**EXERCISE DIRECTIONS**:
Please print the full listing below exactly, but not the pictures in it.

**RAW DATA**:
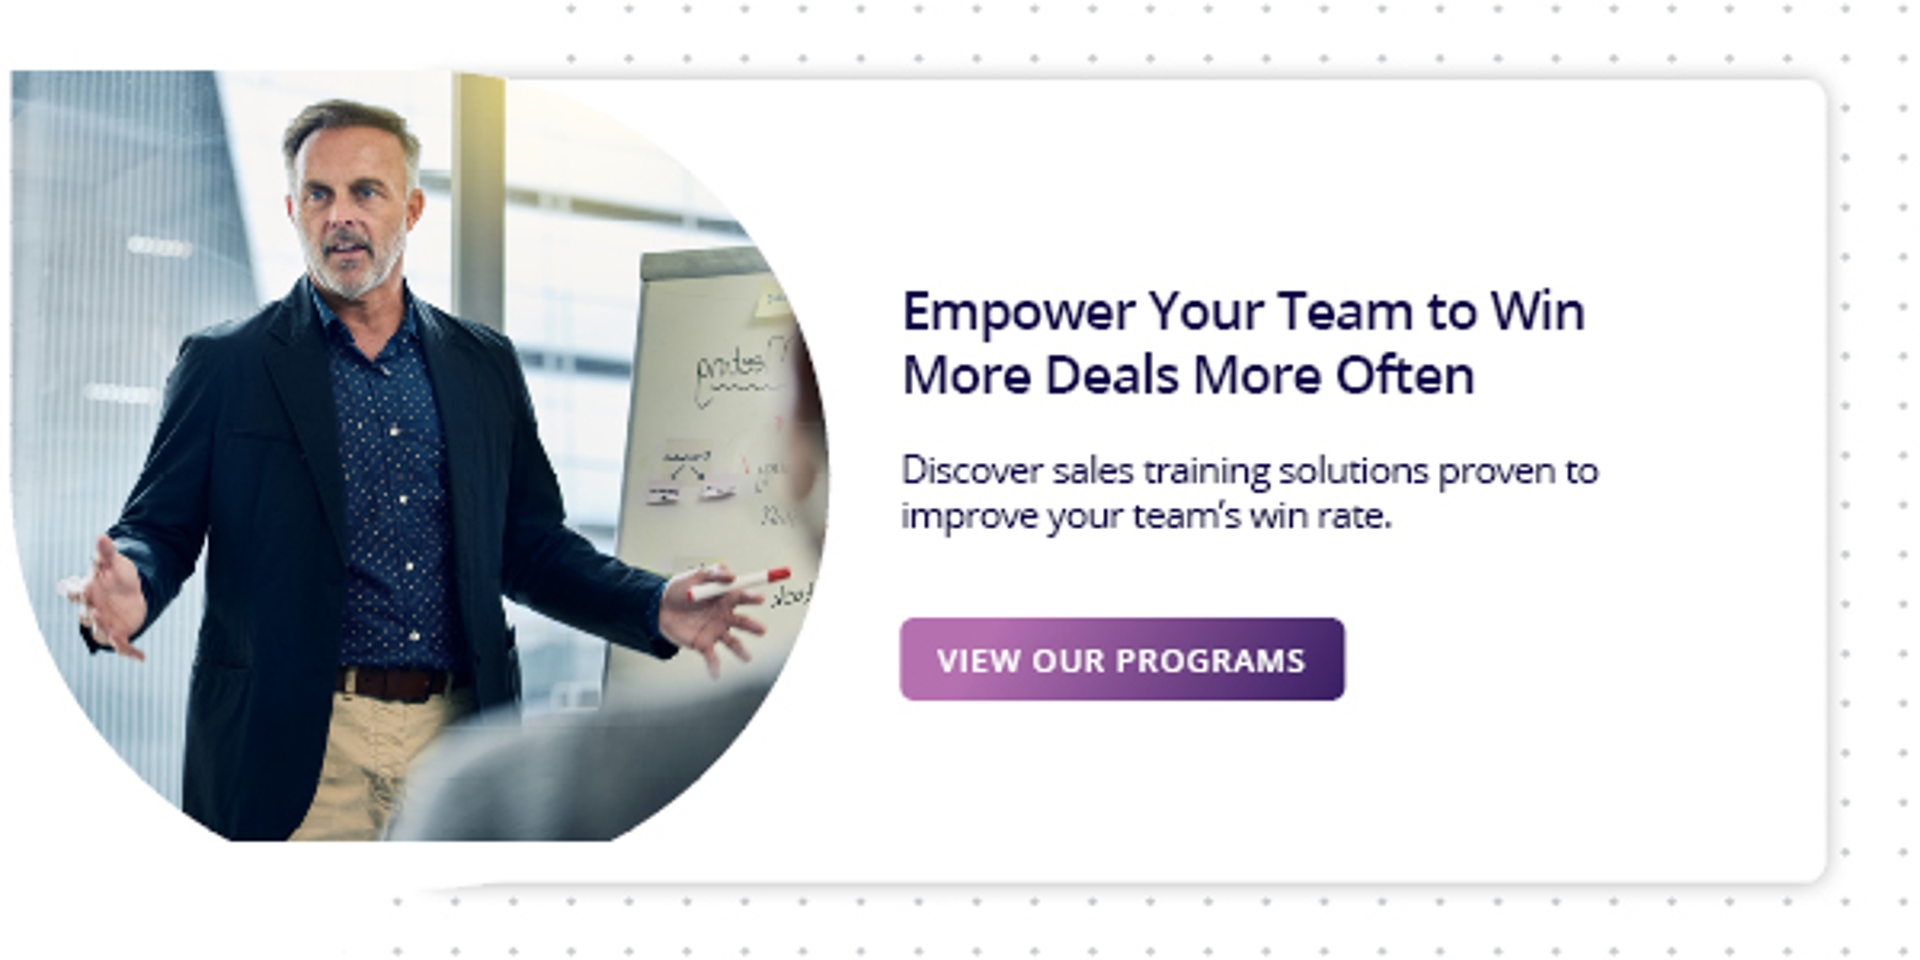 View sales training programs to win more business
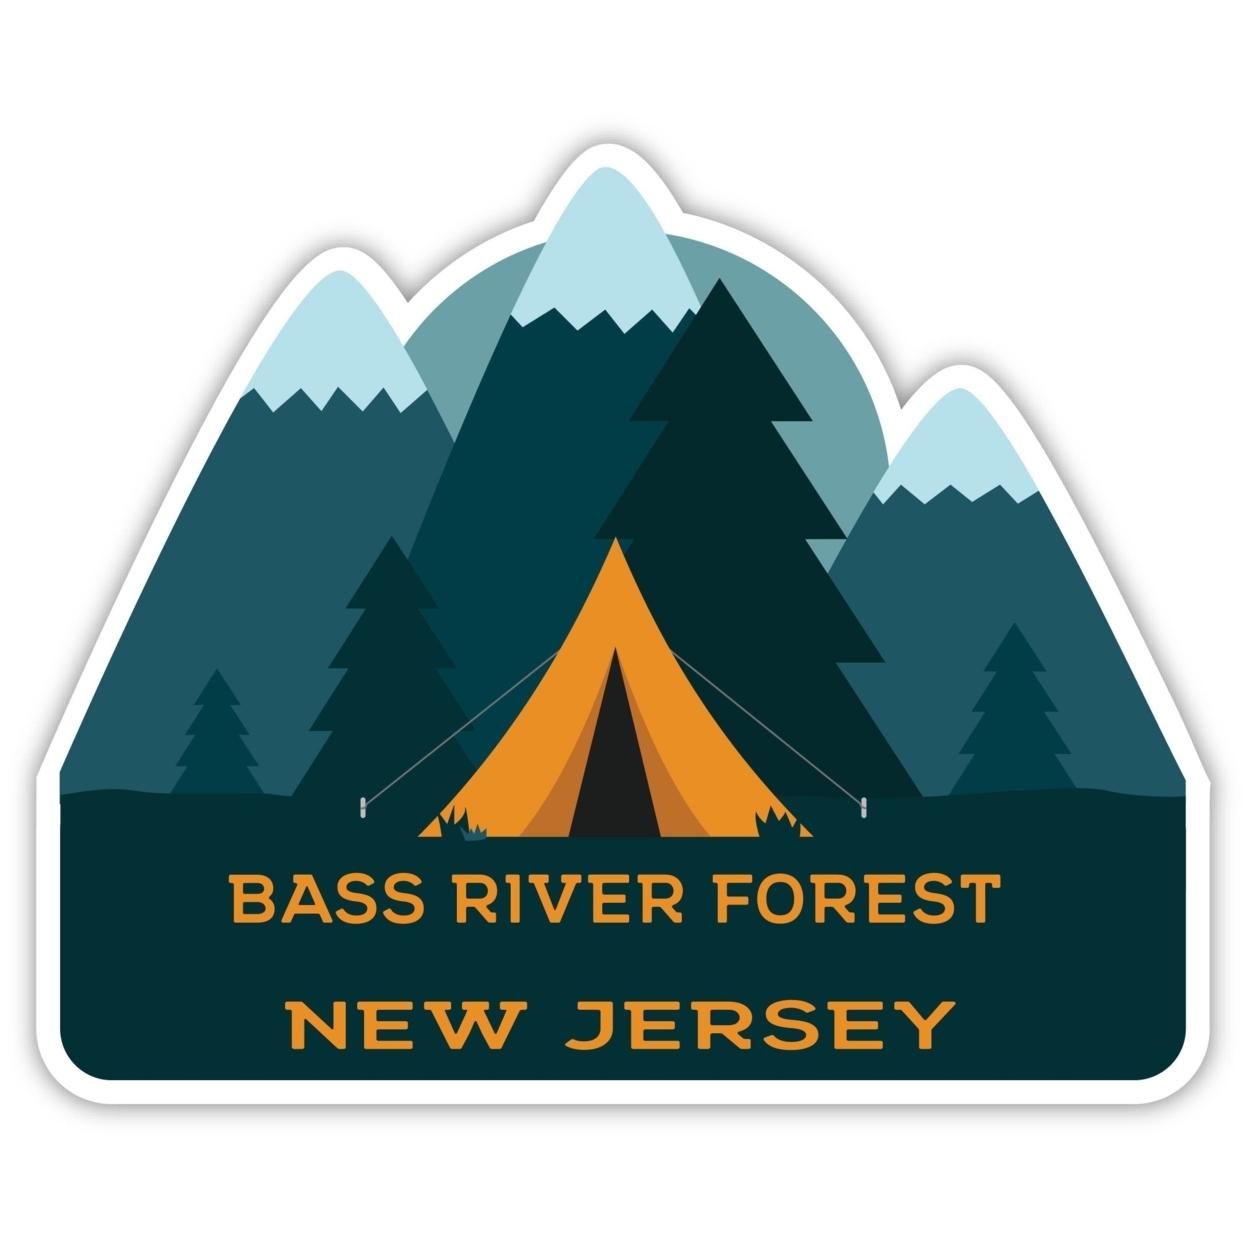 Bass River Forest New Jersey Souvenir Decorative Stickers (Choose Theme And Size) - Single Unit, 2-Inch, Tent
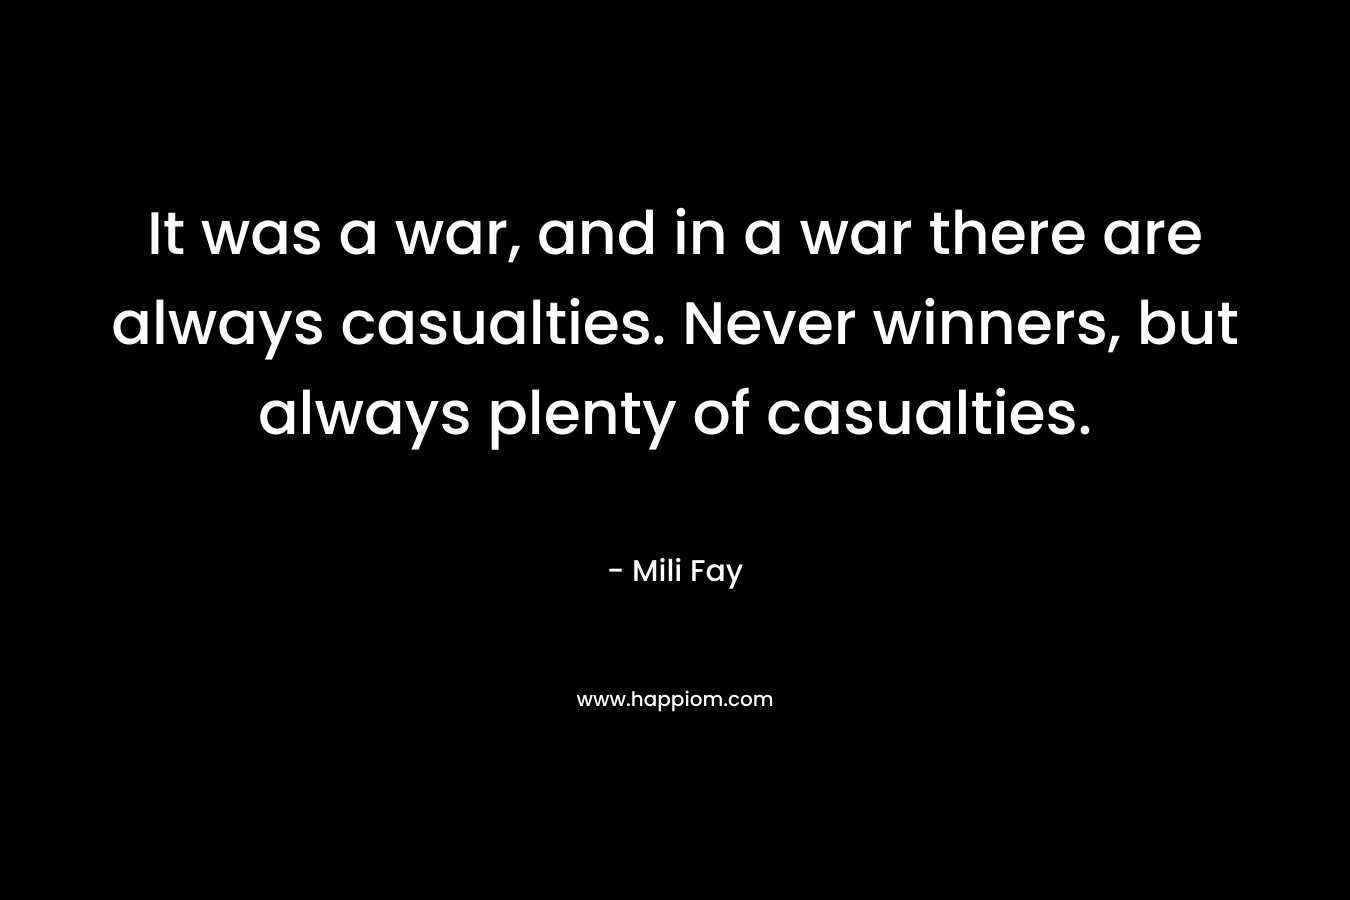 It was a war, and in a war there are always casualties. Never winners, but always plenty of casualties.

**EXPECTED OUTPUT**:
 View sales training programs to win more business
 Bass River Forest New Jersey Souvenir Decorative Stickers (Choose Theme And Size) - Single Unit, 2-Inch, Tent
 It was a war, and in a war there are always casualties. Never winners, but always plenty of casualties.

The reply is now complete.